I really like "Tears of Twilight Hollow" - I think it's in Dungeon #90.

I don't have the pre-3e issues and I haven't even read all of the issues since 3e started.  But of the dungeons I have read, "Tears of Twilight Hollow" is great--and a lot of fun.


----------



## Teflon Billy (Oct 9, 2004)

Dungeon of the Fire Opal


----------



## Glyfair (Oct 9, 2004)

I'm suprised no one brought up the list from the "30 Greatest Adventures" issue of Dungeon.  

10.  "Siege of Kratys Freehold" (#33)
9.  "The Forgotten Men" (#75)
8.  "The Lich-Queen's Beloved" (#100)
7.  "The Lady of the Mists" (#42)
6.  "Eye of Myrkul" (#73)
5.  "Life's Bazaar" (#97)
4.  "Into the Fire" (#1)
3.  "Kingdom of the Ghouls" (#70)
2.  "The Harrowing" (#84)
1.  "The Mud Sorcerer's Tomb" (#37)


----------



## Stegger (Oct 9, 2004)

Thank you very much for all these replies!!
Now, I just have to try to find all these magazines and have a look at these adventures.
Tyler: thanks for trying and I am sorry that your computer crashed.
Cheers,
Stegger


----------



## Harrowed (Oct 9, 2004)

Seconded. Rose for Talakara was a tremendous adventure, one of the few I remember well.


----------



## TheAuldGrump (Oct 9, 2004)

The one I have had both the most fun running, and have run most often (most recently for 7th Sea) was _The Matchmakers_ by P.N.Elrod back in issue 7 of Dungeon. 

The Auld Grump


----------



## Zamora (Oct 9, 2004)

Hi,

From the early issues, "Mightier than the Sword". From the 3e period, "Thirds of Purloined Vellum" and the Cauldron Adventure Path.

Cheers


Richard


----------



## Eremite (Oct 9, 2004)

diaglo said:
			
		

> yes. the issues were better back then. and the ideas in the newer issues are rehashes of material done by other companies or stories or games.

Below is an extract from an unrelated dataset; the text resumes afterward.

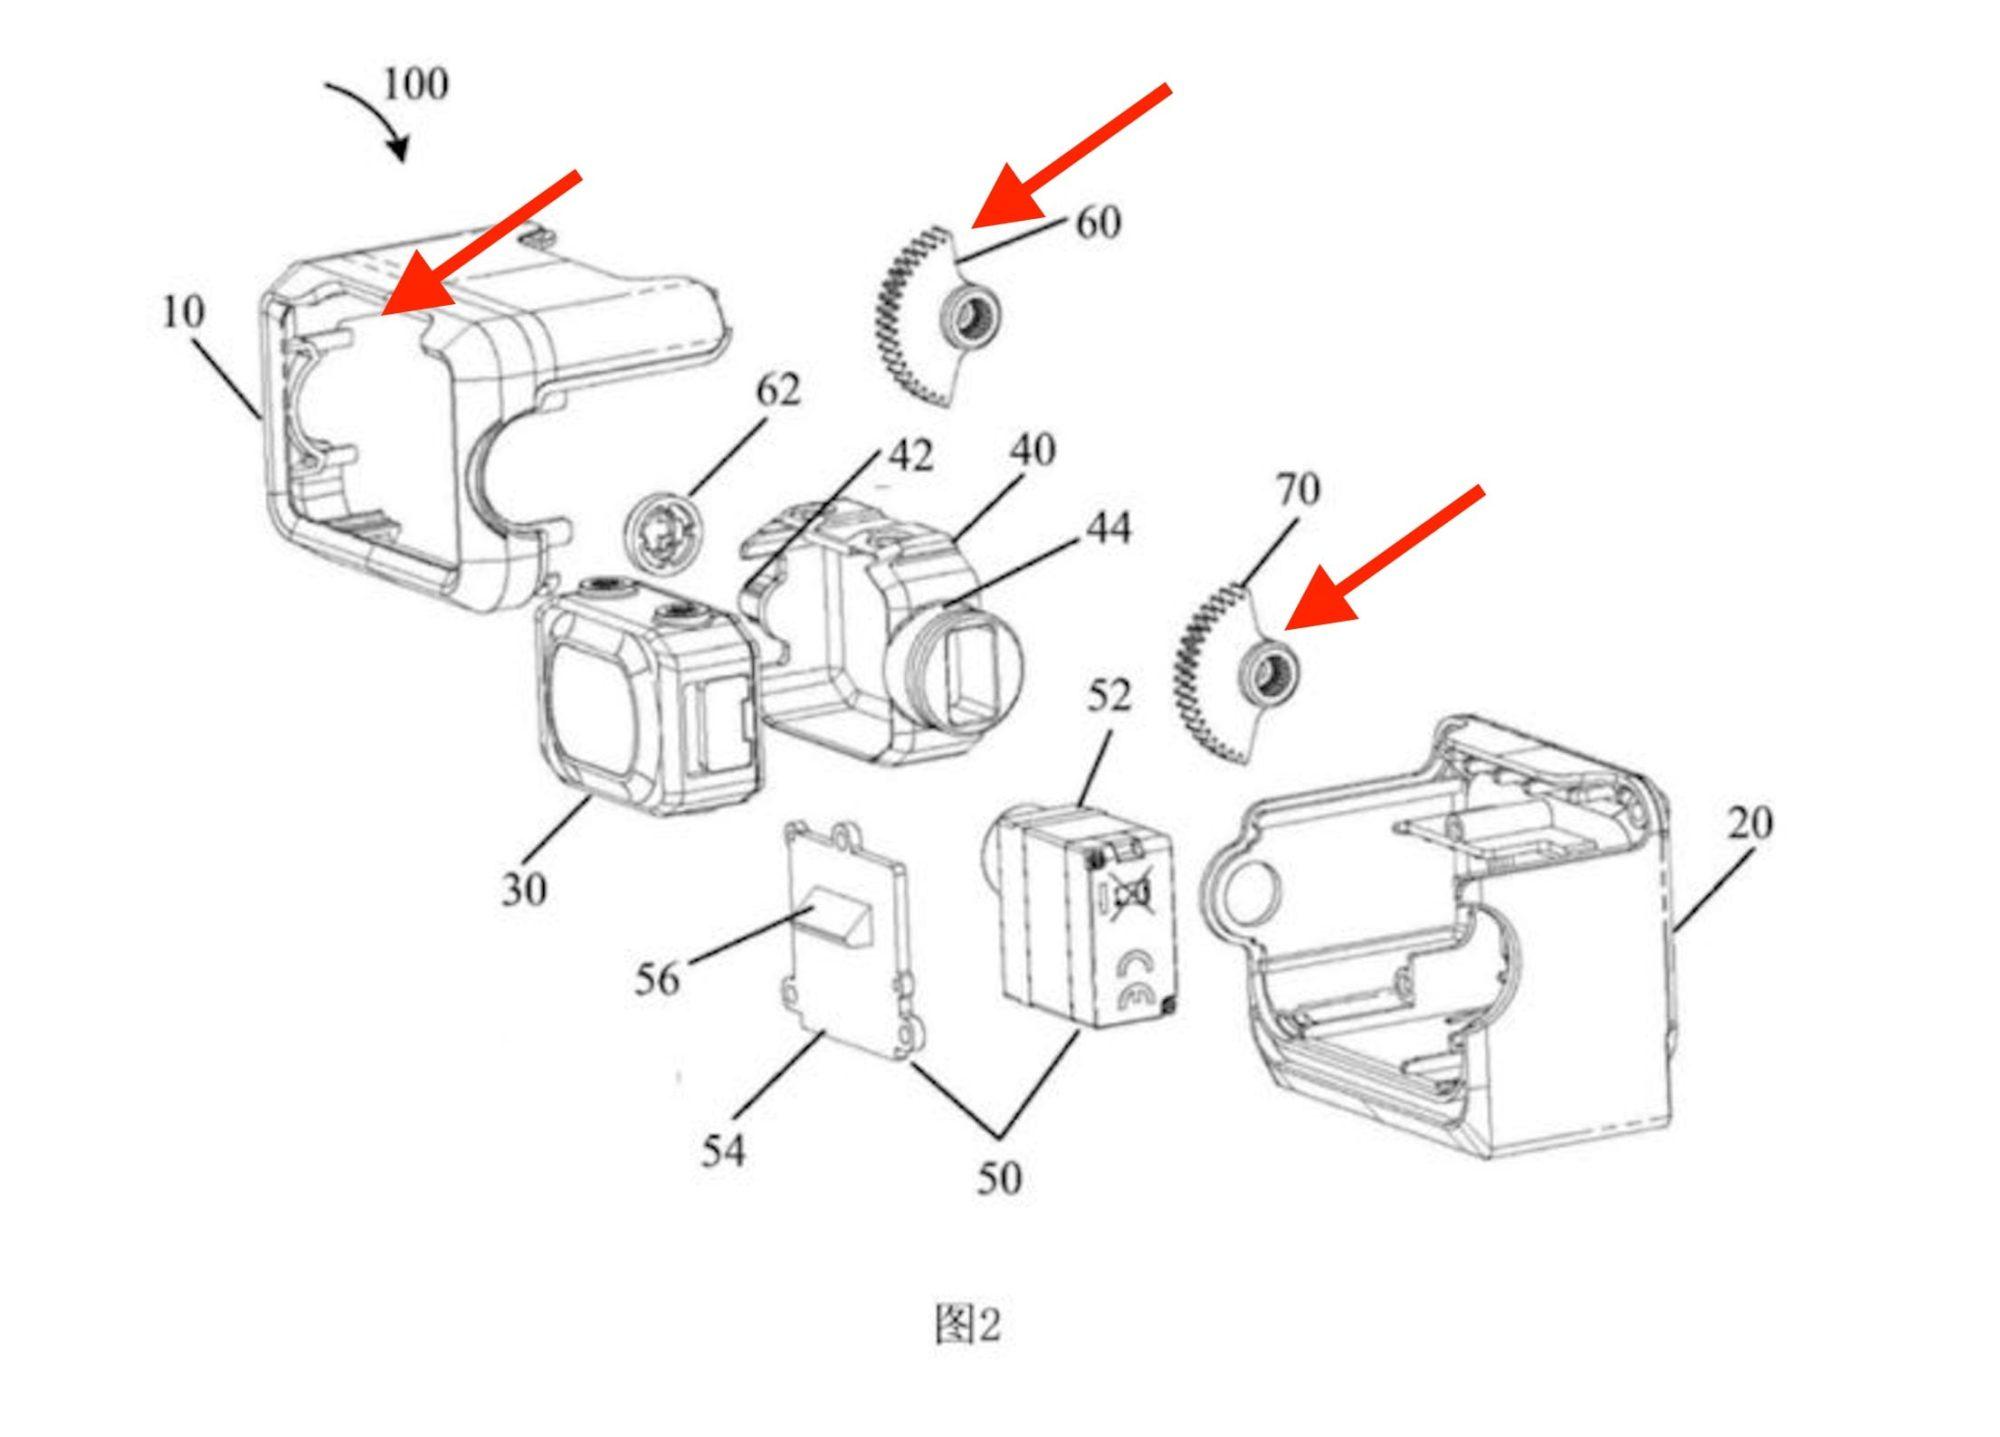 DJI FPV camera shows up in patent. Will DJI finally release an FPV drone?

Ahhh, strange to see such a sweeping generalisation with respect to new vs old from you....  :\ 

I think part of the reason for this perception is a result of the 1E and 2E adventures generally being better (and easier) to read because both of these earlier editions were less stat intensive compared to 3E/3.5E. These earlier editions didn't require large, complicated and accurate stat blocks that break the rhythm of your reading.

Can you imagine Kingdom of the Ghouls being updated for 3.5E? It would probably take a standard issue for the stat blocks alone.

Getting back on topic, I would have to throw in a vote for Fedifensor although, strictly speaking, that was in Dragon as Dungeon didn't exist at that point. I also thought that the Mere of Dead Men series was rather good.


----------



## Sunderstone (Oct 9, 2004)

*Not in any order*

Ancient Blood (#20)
Mud Sorcerer's Tomb (#37)
Raiders of Galath's Roost (#87)
Dungeon of the Fire Opal (#84)
Tears for Twilight Hall (#90)
Old Embers Never Die (#100)
Interlopers Of Ruun-Khazai (#92) 
The Storm Lord's Keep (#93)
Mad God's Key (#114)
Raiders of the Black Ice (#115)
Practical Magic (#113)

My 11 picKs 

The Shackled City series is excellent. The above are my single adventure picks.


----------



## Stegger (Oct 9, 2004)

thanks again! please keep your suggestions coming.
I would really like to know why you like those particular adventures?
Stegger


----------



## Paragon (Oct 9, 2004)

i think the reason people have a soft spot for the older issues of dungeon is that so many of them had great stories for the adventures.  great ideas, great back ground, not just hack and slash railroads.  it has nothing to do with stat blocks.  not that there weren't bad adventures the one (greek style adventure) with the people in mantis masks that rob people.  mantis masks.  for the love of pete.  
like i stated above almost all the oriental adventures in the early dungeons were phenominal.


----------



## Steel_Wind (Oct 9, 2004)

I don't think it's any of those things.

I think it's just pure nostalgia distorting people's views and recollections.  It's not a fault peculiar to gaming - but it is one that is becoming increasingly prevalent.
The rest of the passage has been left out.